For a family member of a legal
resident ‘who does not individually qualify for international protection or for
a humanitarian status under national law’, Member States must issue a residence
permit which ‘shall have the same effect as a decision to issue a residence
permit’ for family members under the Qualification
Regulation, which will confer many of the rights under that Regulation anyway.
In any case, Member States must
make ‘every effort to ensure entry’ within twelve months, or less for emergency
cases. They ‘shall offer’ to make travel arrangements ‘where necessary’, and shall
offer prior orientation programmes ‘when considered feasible’.
Comments
This Regulation might end up being
‘sold’ as an altruistic EU contribution to helping desperate people escape
conflict or persecution without risking further unsafe journeys or paying vile
smugglers. And that will be true – for a modest number of people.
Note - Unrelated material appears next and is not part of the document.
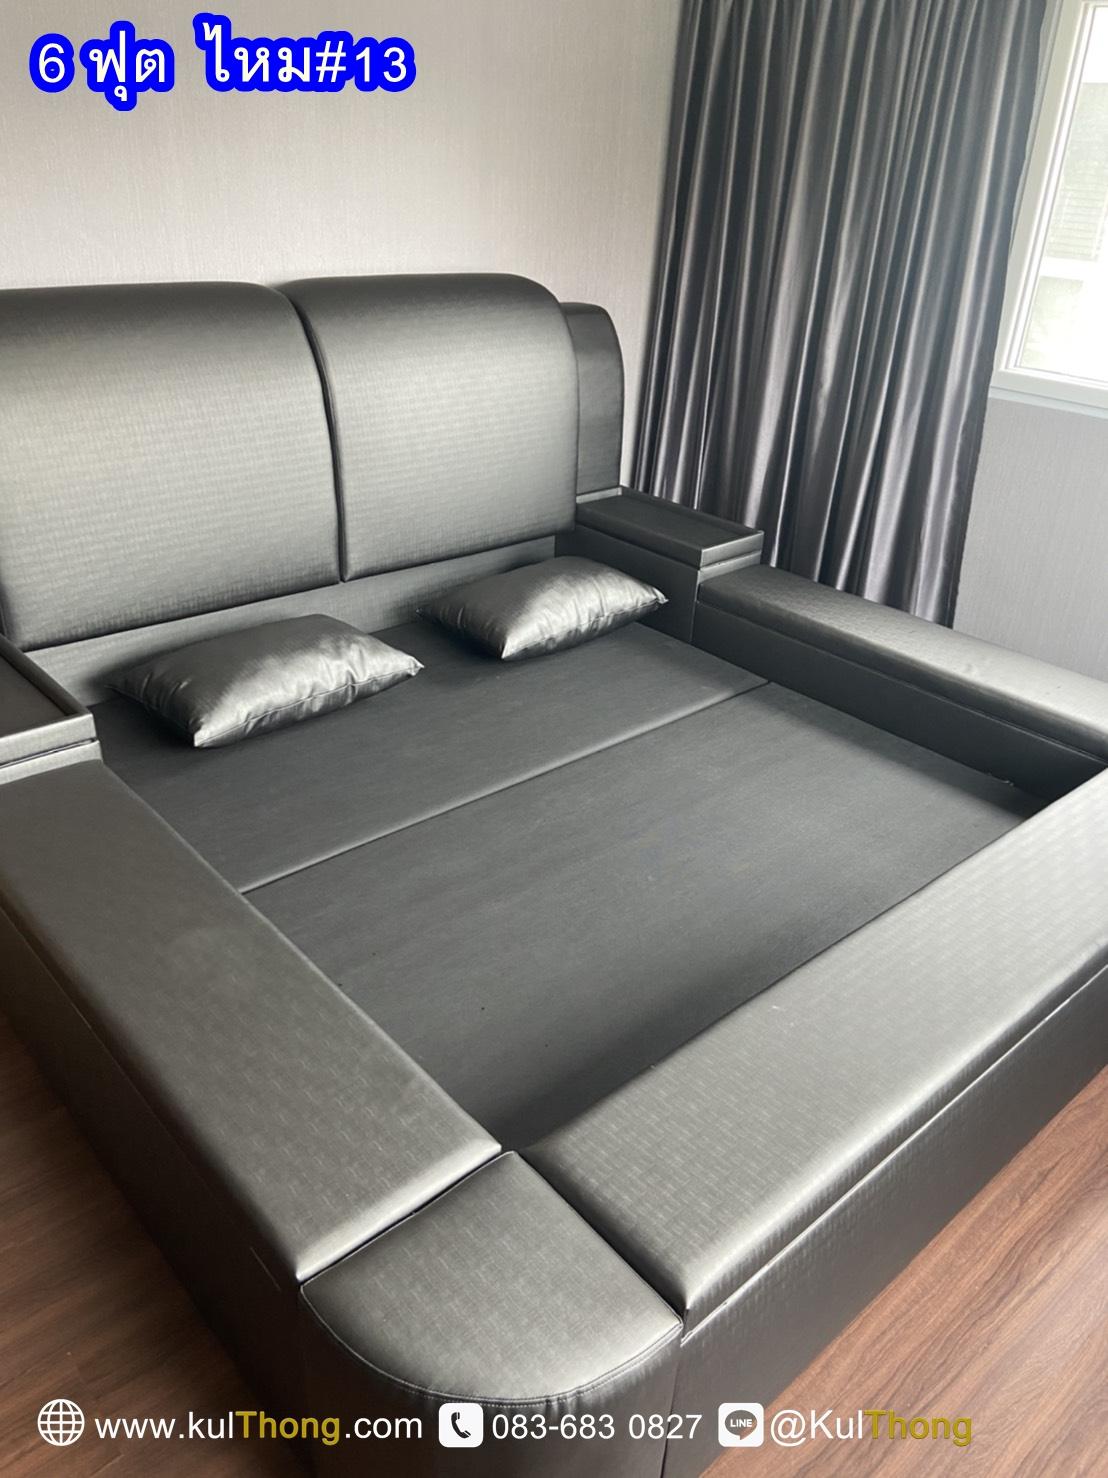 เตียงกล่อง เตียงมีที่เก็บของ เตียงมีฝาเปิด เตียงมีกล่อง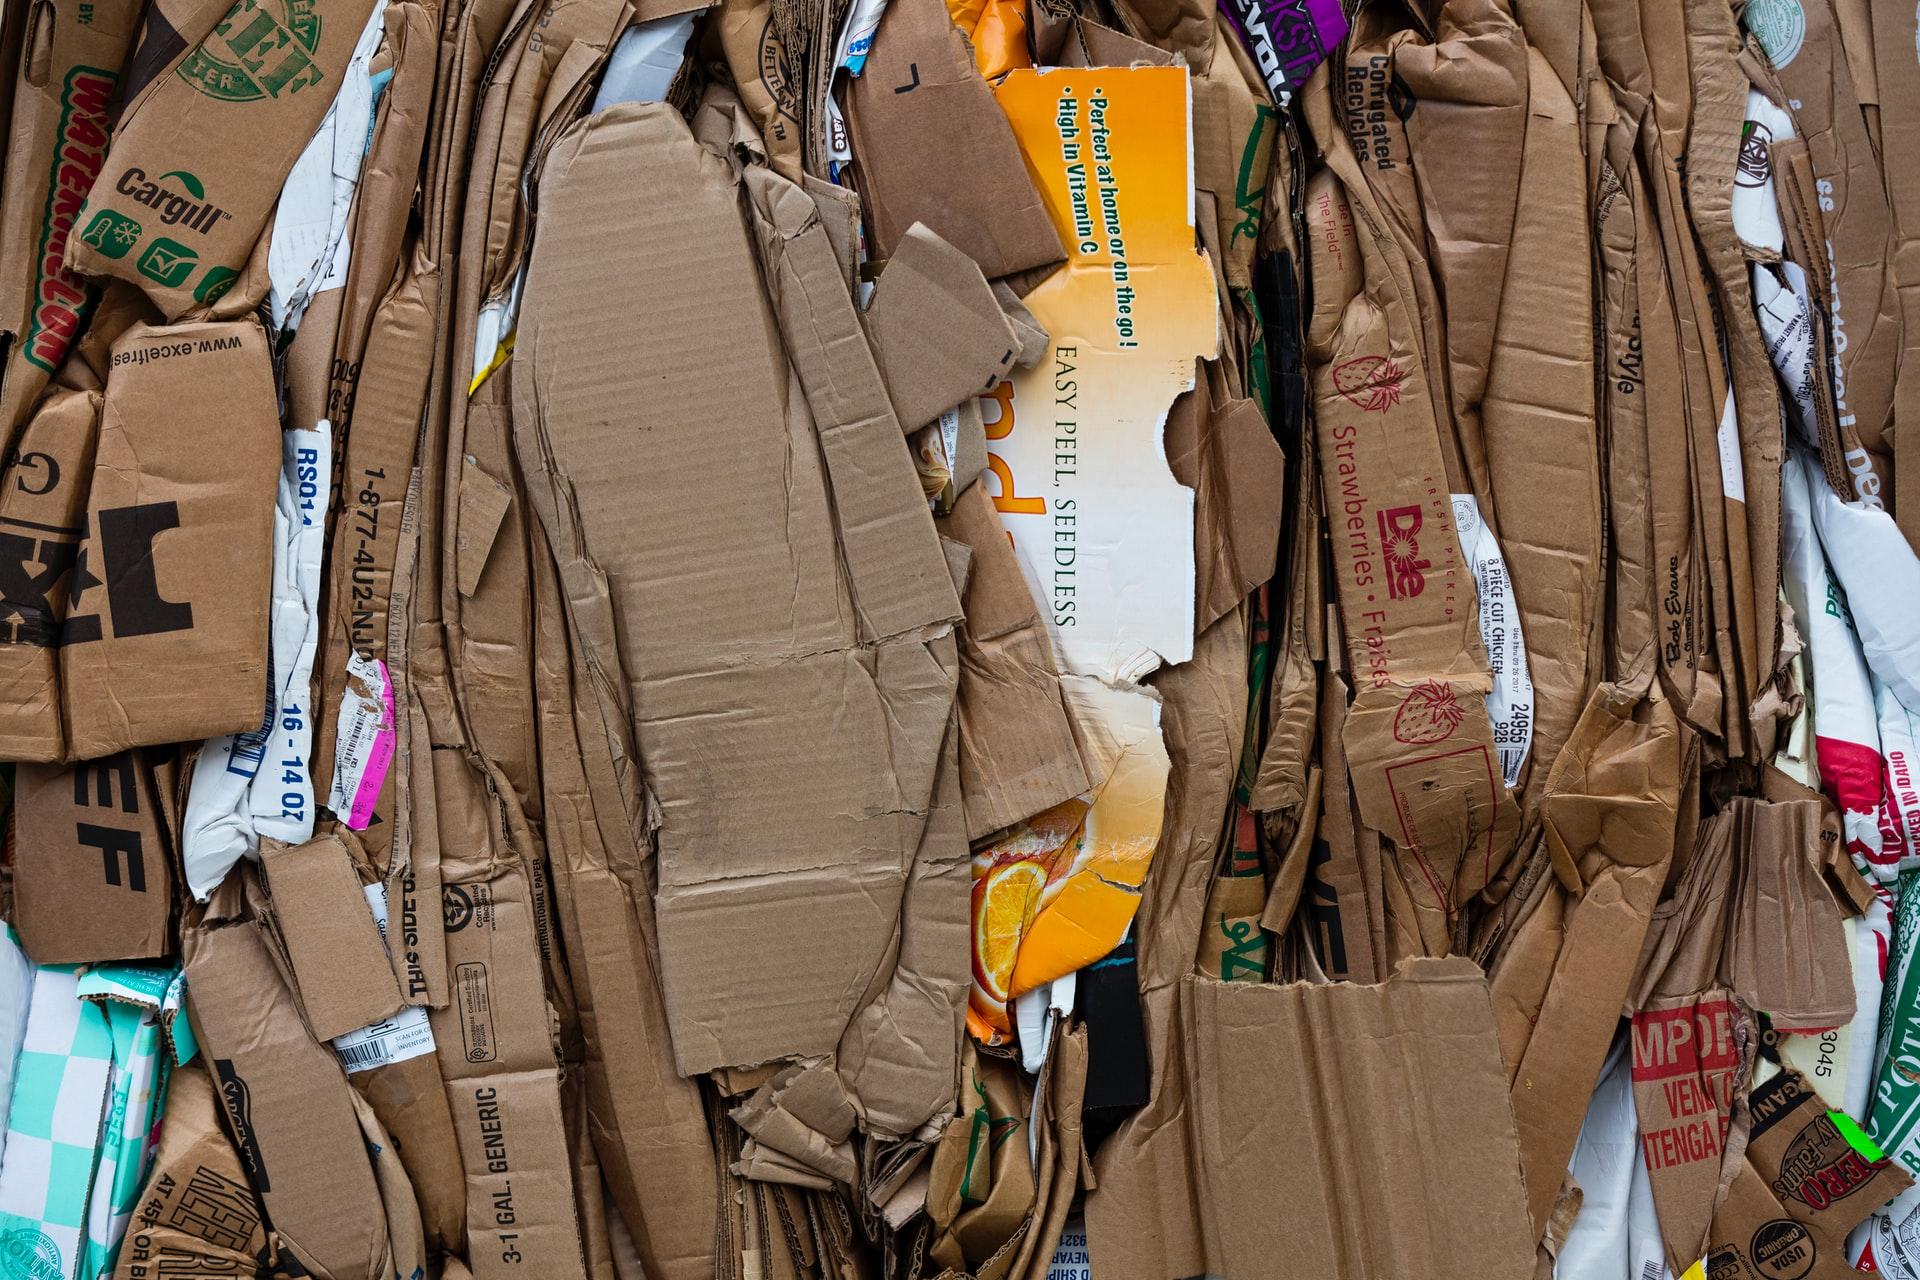 Verschiedenen arten von Papierverpackungen wie Barrierepapier bzw. das Funktionspapier

The EU will be
leaving everyone else who seeks to flee to the EU to escape persecution and
conflict to the mercy of those vile smugglers and unsafe journeys. Indeed, the
asylum package as a whole could well mean that it is harder for that larger group
of people to obtain refuge in the EU.
The altruistic motives of the
Regulation are rather undercut by its voluntary nature for Member States, and the
explicit inability of individuals to rely upon it. Like the pirate code, the
resettlement Regulation is more what you’d call guidelines, than actual rules. But
it is surely a racing certainty that at least one right wing populist party
will falsely claim that it entails an obligation to admit millions, if not billions and
trillions, of scary people.*
We should also be wary of anyone
in the EU institutions or Member States perverting the role of resettlement
within the broader context of refugee law to claim or imply, UK
government-style, that resettlement (or legal entry generally) is the only
legitimate route to seek or obtain asylum. In fact, the Refugee Convention
explicitly provides that irregular entrants can qualify as refugees, specifying
that in some circumstances States must refrain from punishing them for
irregular entry. But the Convention does not, as some other people believe,
provide that all refugees who enter illegally must be treated as legal entrants;
rather, the Convention recognises the existence of irregular entrants and a distinction
between them and legal entrants or residents in many respects, providing that
many rights of refugees are only granted to those who are legally present. Yet
the core non-refoulement right in the Convention – protection from being
sent to an unsafe country – applies regardless of whether the refugee entered
legally or not.
The final text of the Regulation
focusses on the needs of individuals and the capacity and willingness of Member
States, dropping the provisions from the original text that aimed also to link
resettlement to the source countries’ submission to EU external migration policy:
cooperation on readmitting people, controlling their border crossings, becoming
a ‘safe third country’ or ‘first country of asylum’ for the EU to send asylum
seekers back to, and development of their reception capacity. But a cynic may
well imagine that these criteria could nevertheless end up playing a role in
the application of the Regulation in practice.